Letter to the Incoming Tax Committee Chairmen:
Enact Policies to Build Stronger Nonprofits and Stronger Communities
Today, the National Council of Nonprofits sent a letter to the incoming chairs of the congressional tax-writing committees identifying a slate of policy recommendations designed “to promote stronger nonprofits and stronger communities.” When the 116th Congress convenes in January, Representative Richard Neal (D-MA) is expected to be the new Chair of the House Ways and Means Committee; Senator Chuck Grassley (R-IA) has decided to once again be Chair of the Senate Finance Committee. The letter congratulates the presumptive chairs for “assuming the lead in revising tax policies that work fairly for all Americans” and for pledging to pursue bipartisan solutions. Among the recommendations listed in the letter are preserving the longstanding Johnson Amendment, repealing new taxes on tax-exempt entities, expanding charitable giving incentives, and improving oversight of the IRS. We invite readers to read the letter and share examples of how the recommendations, if pursued, would positively affect your missions and to identify additional policy priorities that your organization is promoting. Send us your feedback.
Lame Duck Session
What’s Going to Happen? Nobody Knows
The lame duck session of Congress commences in earnest this week. Lawmakers face a long list of must-pass bills, but have only 10 legislative days to resolve their disagreements on several spending bills or face a partial government shutdown. While five of the necessary 12 spending bills are already law, Representatives and Senators must hash out differences in seven appropriations bills by December 7. Those differences include numerous controversial amendments, known as “riders,” that were attached to the spending bills, such as the anti-Johnson Amendment language.

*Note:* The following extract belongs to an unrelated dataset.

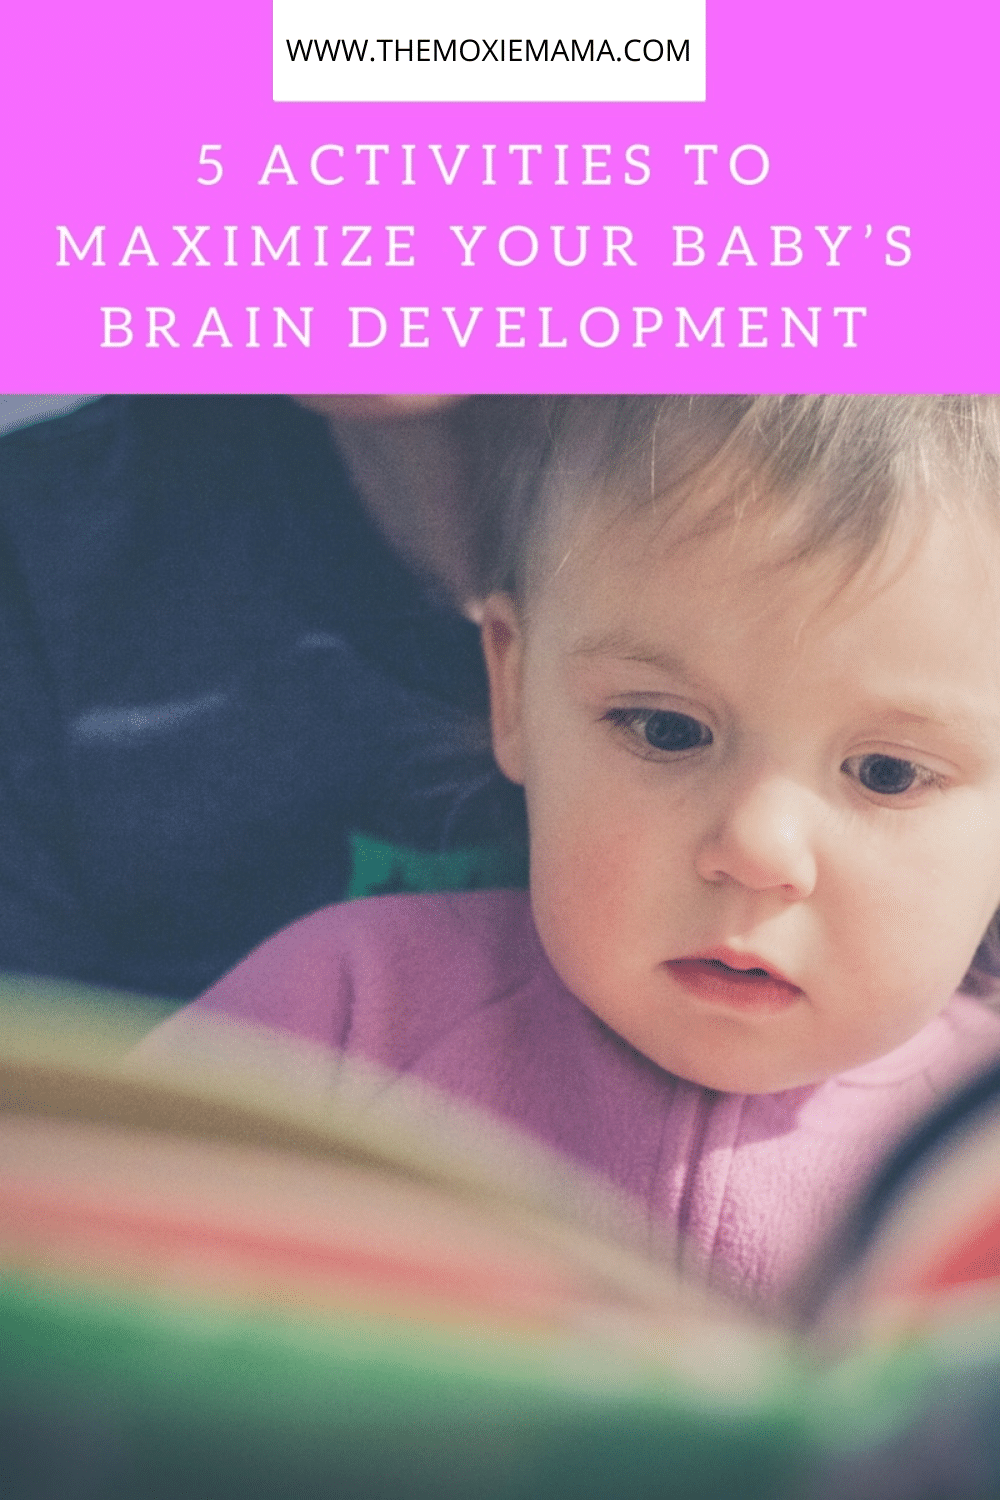 Here are five activities that you can do with your child to maximize learning and brain development.

Major topics yet to be resolved include whether to: give the President the funding he wants for a southern border wall; provide additional support to areas of the country devastated by hurricanes and wildfires; make major (or even just minor) changes to the new tax law; and approve important time-sensitive legislation like the Farm Bill that funds nutrition and other programs. As is often the case, Congress put off the tough decisions until the last weeks of the year, and policymakers appear to be no closer to answers than they were six months ago. Their options are few: a) make the hard policy choices and pass legislation that deals with those issues; b) pass a short-term spending bill, known as a continuing resolution, that would maintain current funding levels for a certain amount of time into 2019, but allow no new money for the 2020 census and disaster relief; or c) suffer a partial government shutdown to force decisions in favor of the other two options.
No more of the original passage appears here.